Willy, at all times a carefully attired person, was to-day absolutely resplendent in his red coat and buckskins, and as we rode slowly down the avenue, I was impelled to tell him how smart both he and the mare looked. He beamed upon me with a simple satisfaction.
“Do you think so? Well, now, do you know what I was thinking? That no matter how good-looking a girl is, she always looks fifty per cent. better on a horse.”
“That is a most ingenious way of praising your own horse,” I said.
“Ah now, you know what I mean quite well,” rejoined Willy, with a look which was intended to be sentimental, but, by reason of his irrepressibly good spirits, rather fell away into a grin.
The meet was to be at the Clashmore cross-roads, and we passed many people on their way there. White-flannel-coated country boys and young men—“going for the best places to head the fox,” as Willy observed with bitterness, and little chattering swarms of national-school children. Every now and then a young farmer or two came clattering along, on rough, short-necked horses, whose heavy tails swung from side to side as they trotted at full speed past us, and an occasional red coat gave a reality to the fact that I was going out fox-hunting. The cross-roads were now in sight, and I saw a number of riders and people who had driven to see the meet, waiting for the hounds to come up.
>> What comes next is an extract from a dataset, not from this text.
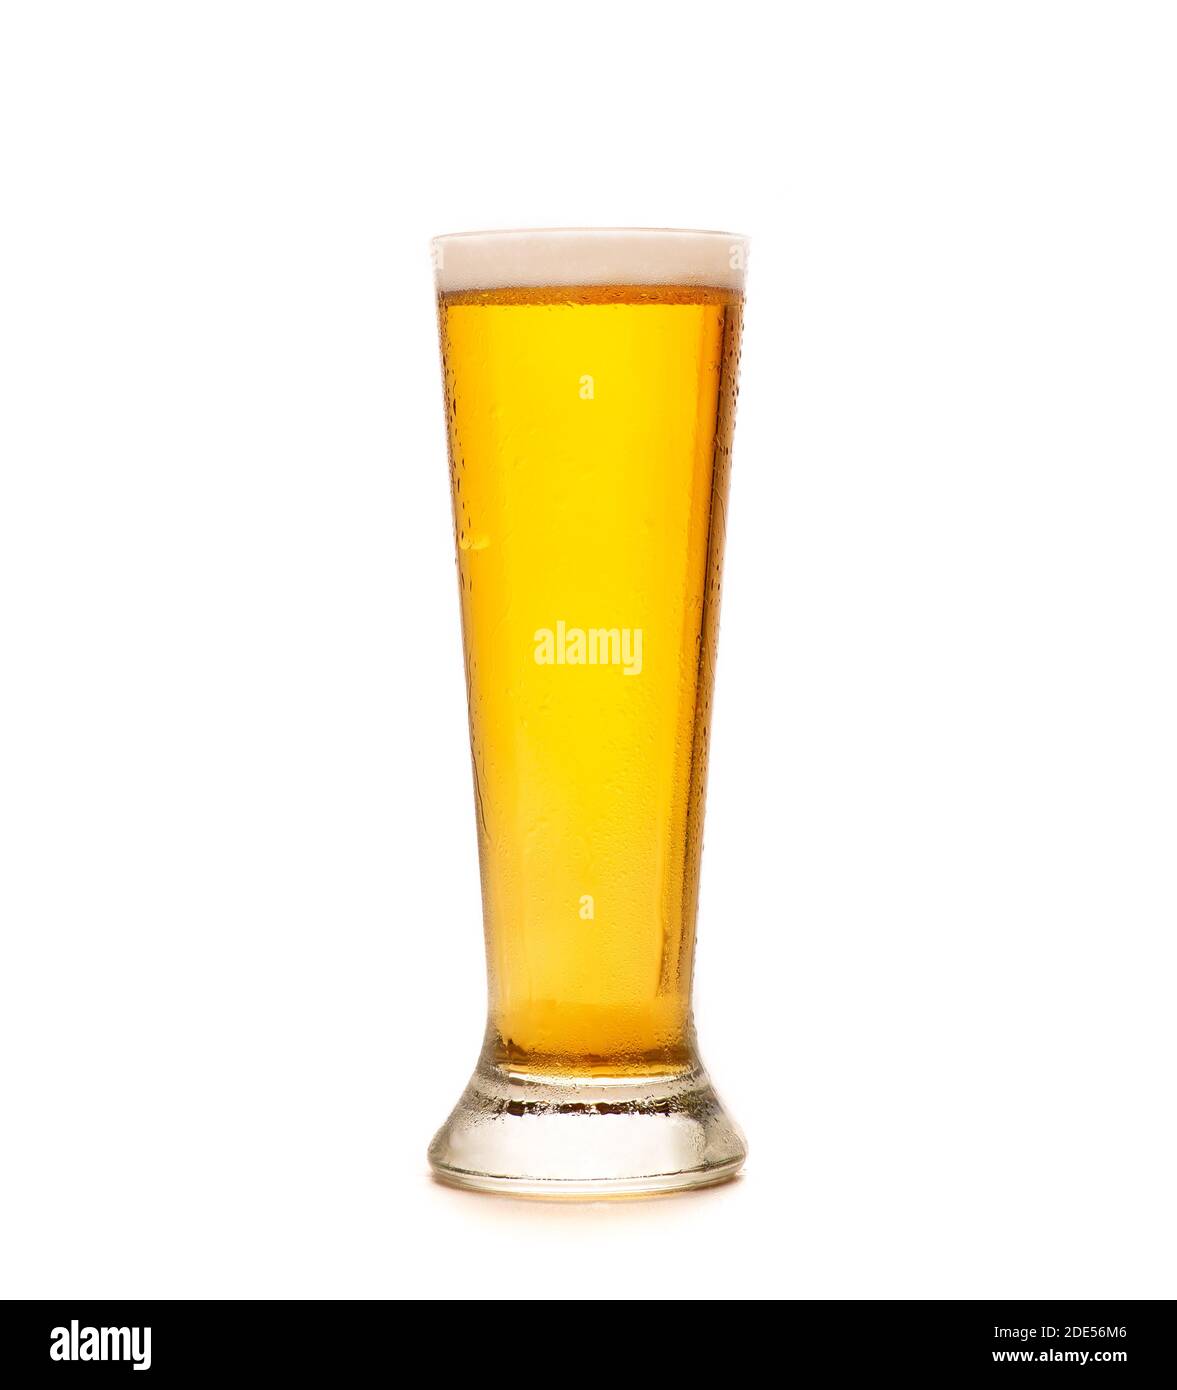 Business birra, bevanda preferita in pub e festival dell'alcol Foto Stock

“Why, I declare, here are the two Miss Burkes coming along in that old shandrydan of theirs with the bedridden grey pony!” said Willy, looking back. “Hold on, Theo. I must introduce you to them; they’re great specimens.”
We allowed the pony-carriage to overtake us, and Willy, pulling off his hat with as fine a flourish as his gold hatguard would allow, asked leave to introduce me.
“With the greatest of pleasure, Willy. Indeed, we’d no idea till yesterday, when we met Doctor Kelly in town, that Miss Sorsefield had arrived.” This from the elder Miss Burke, a large, gaunt lady with a good-humoured red face and an enormous Roman nose, and a curiously deep voice, whose varying inflections ran up and down the vocal scale in booming cadences.
“You ought to be riding the pony, Miss Burke. She looks in great form.”
“Oh, now, Willy! you’re always joking me about poor old Zoé. You’re very naughty about him. Isn’t he, Bessy?”